ORLANDO, Fla. Nov 17, Reuters -- If we still can't trust the numbers, shouldn't economic policymakers and investors sit tight?
In early September, the New York Federal Reserve suspended its real-time GDP growth tracker because the wildly distorted economic data of the immediate post-COVID world was unreliable.
The New York Fed posted on its site a number of challenges to the Nowcast model because of the uncertainty surrounding the epidemic and the volatility in the data.
While other major institutions have yet to follow suit, the world of economic forecasting remains largely in a state of suspended animation.
A government-mandated world recession is not based on modern historical precedent. There are no truly comparable models for economists, investors and policymakers to draw on, leaving huge uncertainties about the new world that emerges.
The biggest losses have been cyclical or trend driven analysis that investors have been glued to for decades.
With a large pinch of salt, you have a confident prediction of where employment, growth and inflation are headed over the next year or two.
A look at Citi's economic surprises indexes, which measure the extent to which incoming data is beating or missing consensus forecasts, shows how erratic the numbers are.
Between 2003 and February last year - before the outbreak of the pandemic - the average weekly change in the aggregate G 10 surprises index was just 0.03 points. Since March 1st, that average change has jumped to times larger.

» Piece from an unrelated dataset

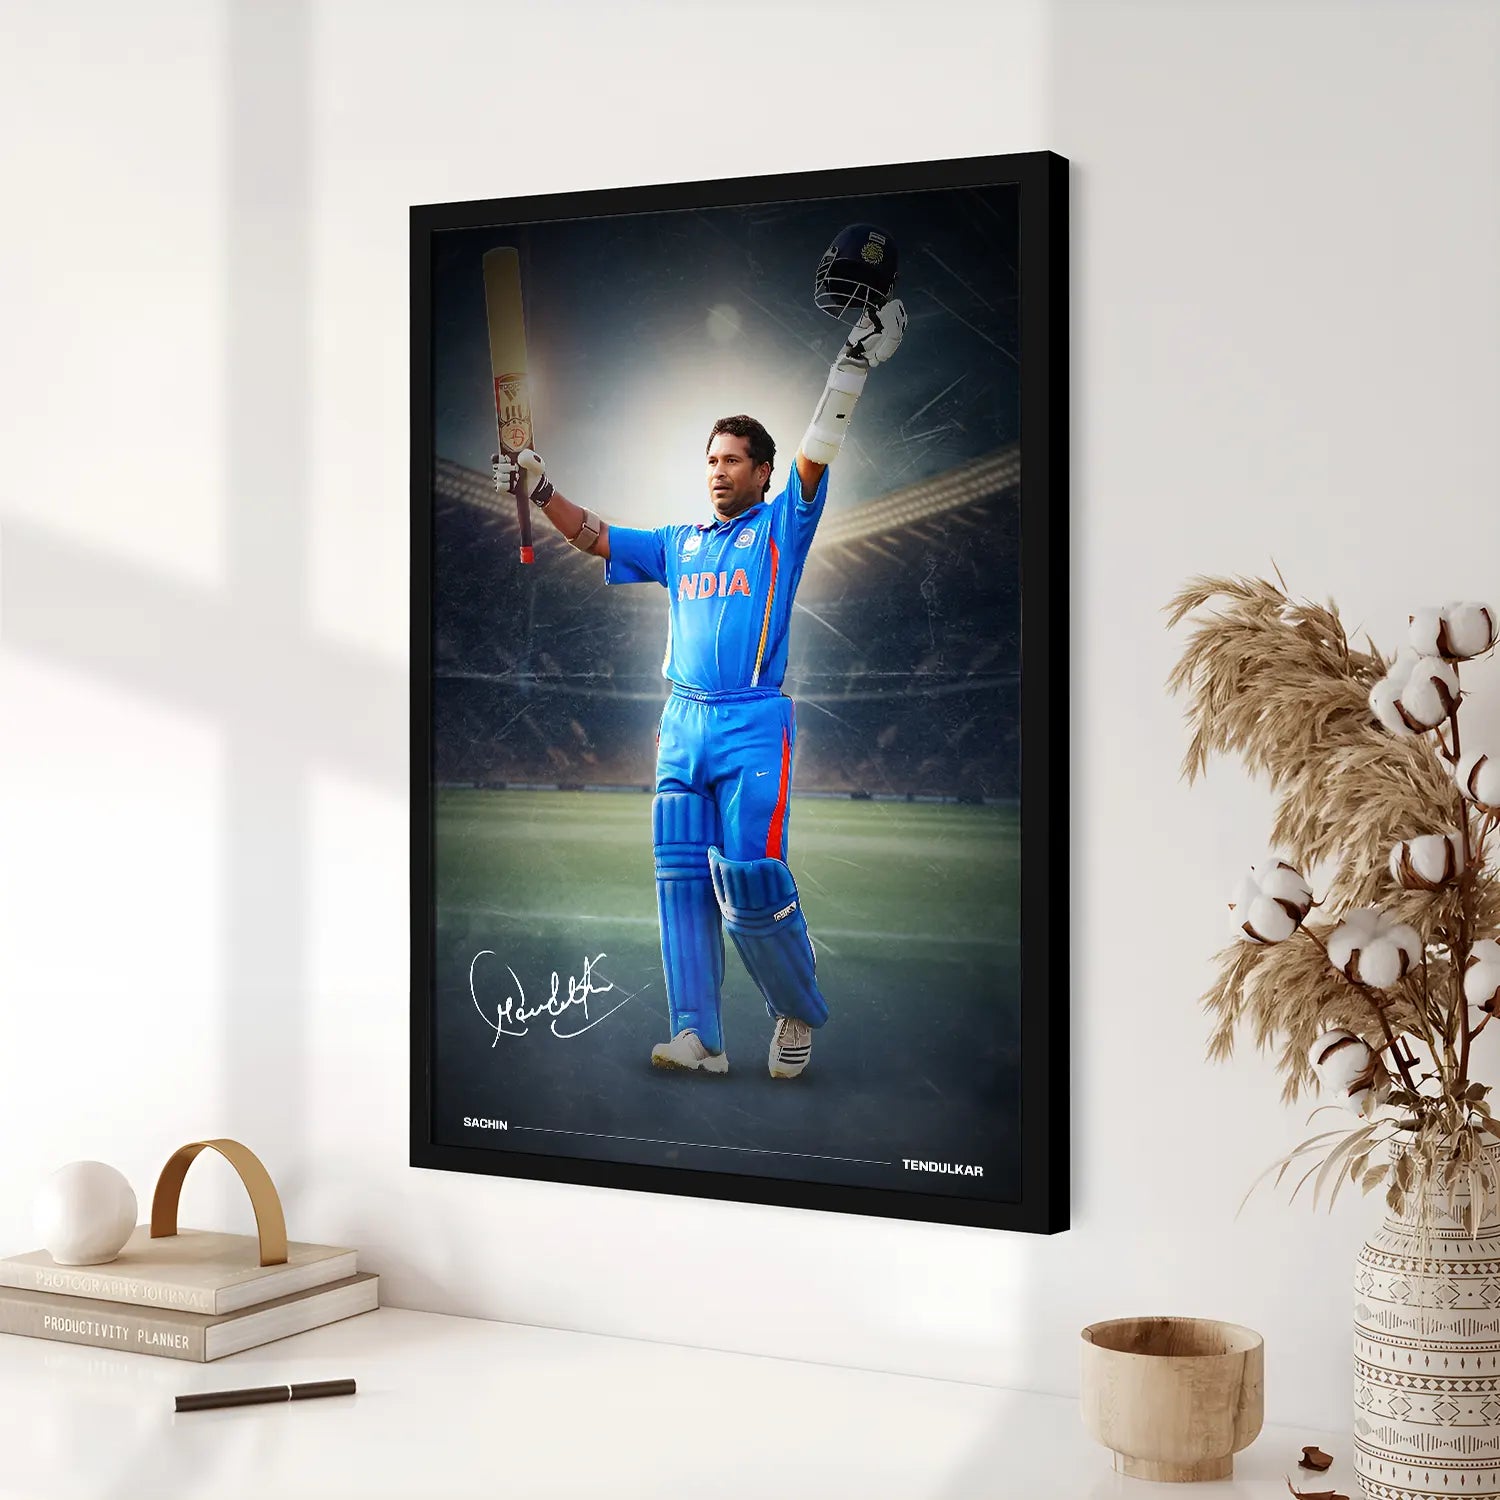 SIGNOOGLE Cricket Sachin Tendulkar 3d Stickers Posters Large For Wall  Bedroom Sports Room Or Any Other Suitable Place Multi Colored 45.50 x 30.50  Cm Pack Of 2 : Amazon.in: Home & Kitchen

The standard deviation of weekly surprises has more than doubled from 7.5, meaning the index's peaks and troughs have been far more extreme. A low standard deviation shows that data is clustered around the average, and a high reading shows that they are dispersed much more widely.
It's a similar pattern across individual economic areas. Comparable figures for the U.S. economic surprises index are lower, but are significantly higher for the euro area, where weekly surprises are 20 times greater than the average over the last 17 years.
These numbers are heavily skewed by the initial lock downs in the months after March 2020, which brought a juddering halt to economic activity across the world, and the surprisingly strong and quick rebound.
Willem Buiter, a professor of international and public affairs at Columbia University and former Bank of England policymaker, agrees that forecasting is far trickier now.
We have information, even though it is sometimes hard to interpret. He says you just have to be more careful interpreting it because the normal cyclical patterns are up in the air, as is our understanding of economic trends.
It doesn't mean that the textbooks should be rejected completely, nor should it prevent policymakers from turning to them for guidance on where to go next. Economic fundamentals still apply.
Buiter puts it: We have to look up words that we haven't had to use before. The data isn't skewing because of the effects of the pandemic, but it's still skewing the data, nowhere more than inflation. It is the highest level in decades and well above central bank targets in many parts of the world, boosted by supply bottlenecks, shortages, high food and energy prices, and yes, rising demand.
Buiter is part of a fast-growing phalanx of leading academics, financial market heavyweights and former policymakers who have urged the Fed to rethink its position that inflation is still transitory. The Fed would almost certainly raise interest rates with annual inflation running at a 30 year high before the Great Financial Crisis. The scarring from 2007-09 runs deep, so the gap between inflation and rock-bottom policy rates has never been bigger.
The fog of uncertainty that affects the visibility of post-pandemic economic data and the policy outlook has never been thicker.
San Francisco Fed President Mary Daly said that acting without clarity is risky. In the face of unprecedented uncertainty, the best policy is acknowledging the need to wait. In the end, patience is the bravest action we can take.